I did not go to Whiteshore. I did not even go to the settlement at the foot of Whistling Tor. I walked the other way, up to that crossroads where I’d been unceremoniously dumped on a day of mist and shadows. There was no point in waiting for a cart to happen by. I set my feet forwards, making lists of colors in my head to keep out thoughts of Anluan.
It was so early in the morning, nobody was astir. Birds chorused in the woods by the cart track, and somewhere down under the elders I could hear the voices of frogs. Everything seemed swept clean, open to light, full of promise. It felt wrong. Part of me wanted to protest that such a lovely day ill fitted the catastrophe facing the folk of Whistling Tor. Another part of me whispered, You never belonged here, Caitrin. Forget these folk. Forget Anluan. If he loved you, he would never have done this.
For half the morning I walked without seeing a soul. I grew thirsty and stopped to drink from a stream a little way off the track. I grew hungry. My precipitate departure had left me ill equipped to travel far without help. Memories of my flight to the west returned. I suppressed them, making myself move on. My feet were hurting; Emer’s boots were not such a perfect fit after all. The day grew warmer. I took off my shawl and stuffed it into my bag.
A rumbling, squeaking sound and the thump of hooves sent me down under the bushes to the side, wary of carters traveling alone. A pair of stocky horses came into view, pulling a well-kept cart laden with bundles. A man and a woman sat on the bench seat; she had a child on her knee.
I stepped out and waved a hand. A little later I was perched on a sack of grain in the back, on my way eastward. I imagined the mist-clad slopes of the Tor behind me, slowly diminishing until they could no longer be distinguished from the ordinary landscape of fields and woodland. As the cart moved further and further to the east, I did not once look back.
It made a difference having funds. I spent two nights in a village inn, with my own chamber and a lock on the door. I got directions and arranged lifts. I read a letter for a local trader in return for a place on a conveyance that was going all the way to Stony Ford, a settlement about three days’ travel north of Market Cross. Father and I had executed commissions for the chieftain there, and I was fairly sure Shea and his fellow musicians would be known in that house.
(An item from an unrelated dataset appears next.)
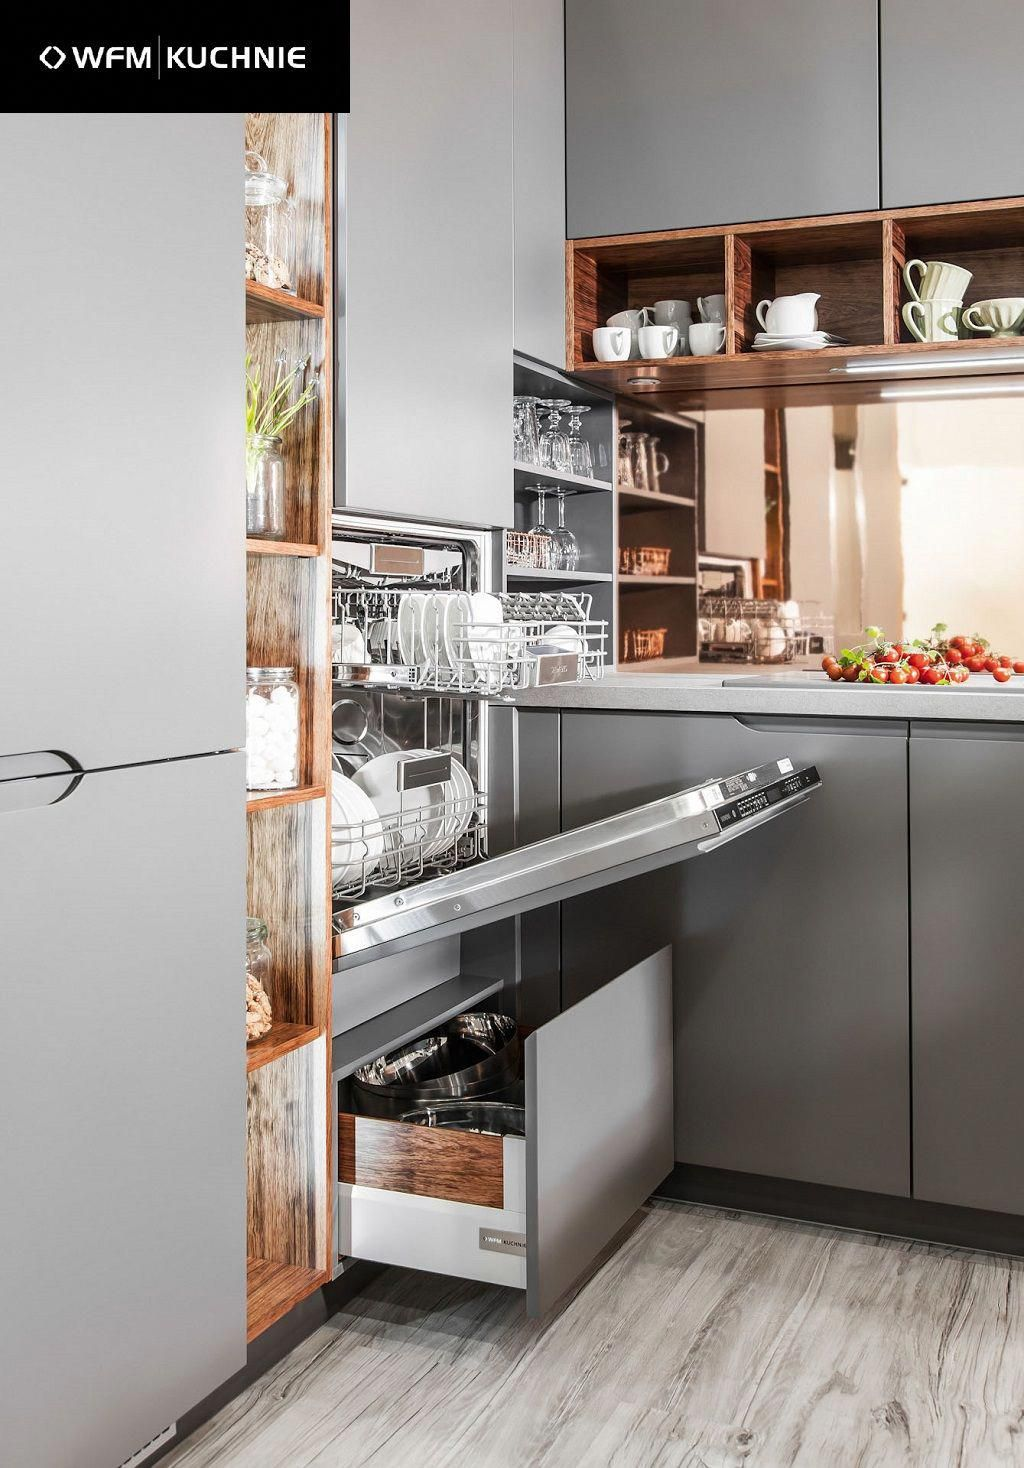 Colonna Dispensa Cucina Ikea lavastoviglie in colonna (con immagini) | cucine moderne
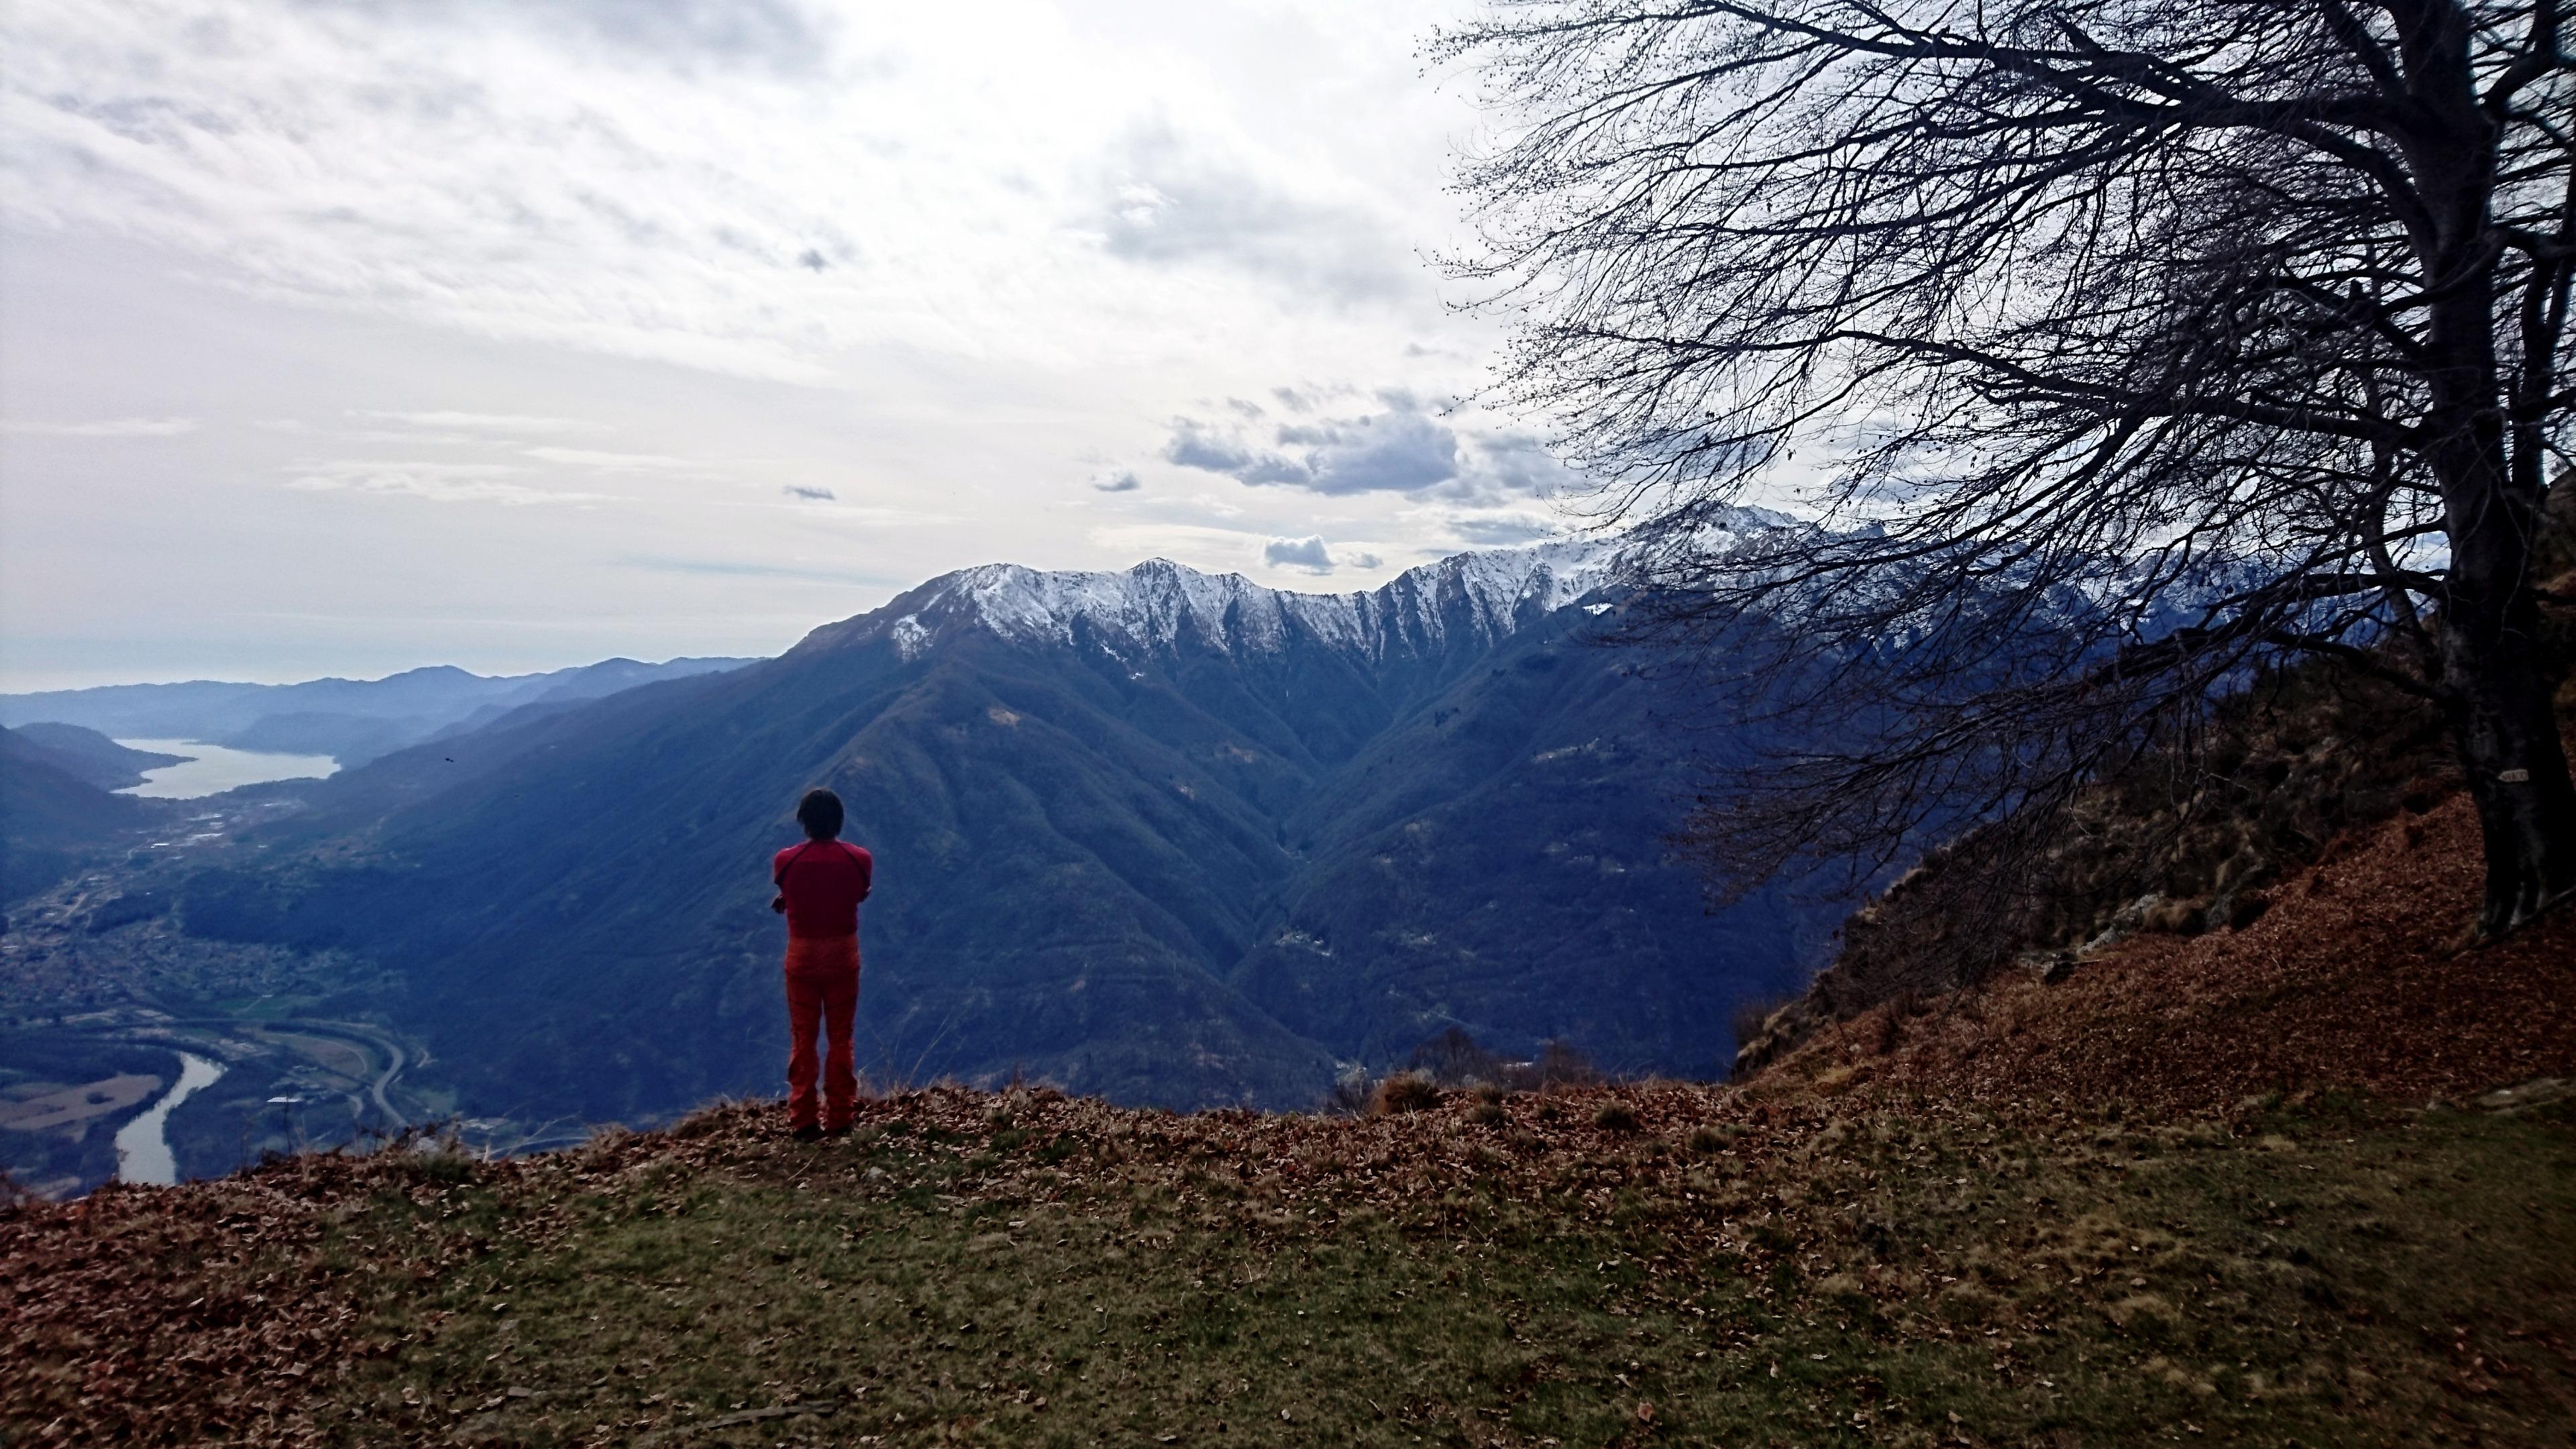 ultimo sguardo prima di proseguire verso la cima del Monte Fajè

My fellow passengers on this somewhat larger and grander cart must have thought me dour and uncommunicative. They could not know the whirl of thoughts that filled my mind every moment of the day, those I fought to banish and those I tried to concentrate on, in particular how to track down Maraid and Shea without going too near Market Cross. If Stony Ford did not provide any clues I must try other places Shea had mentioned when telling us of his traveling life, but those were few and far between. I thought I could recall a town called Hideaway or Holdaway, where the band had regularly played to entertain people at a big weekly market. Lean enough pickings, Shea had said with good humor, but if they stayed on for the evening’s dancing there would generally be a few extra coins tossed their way.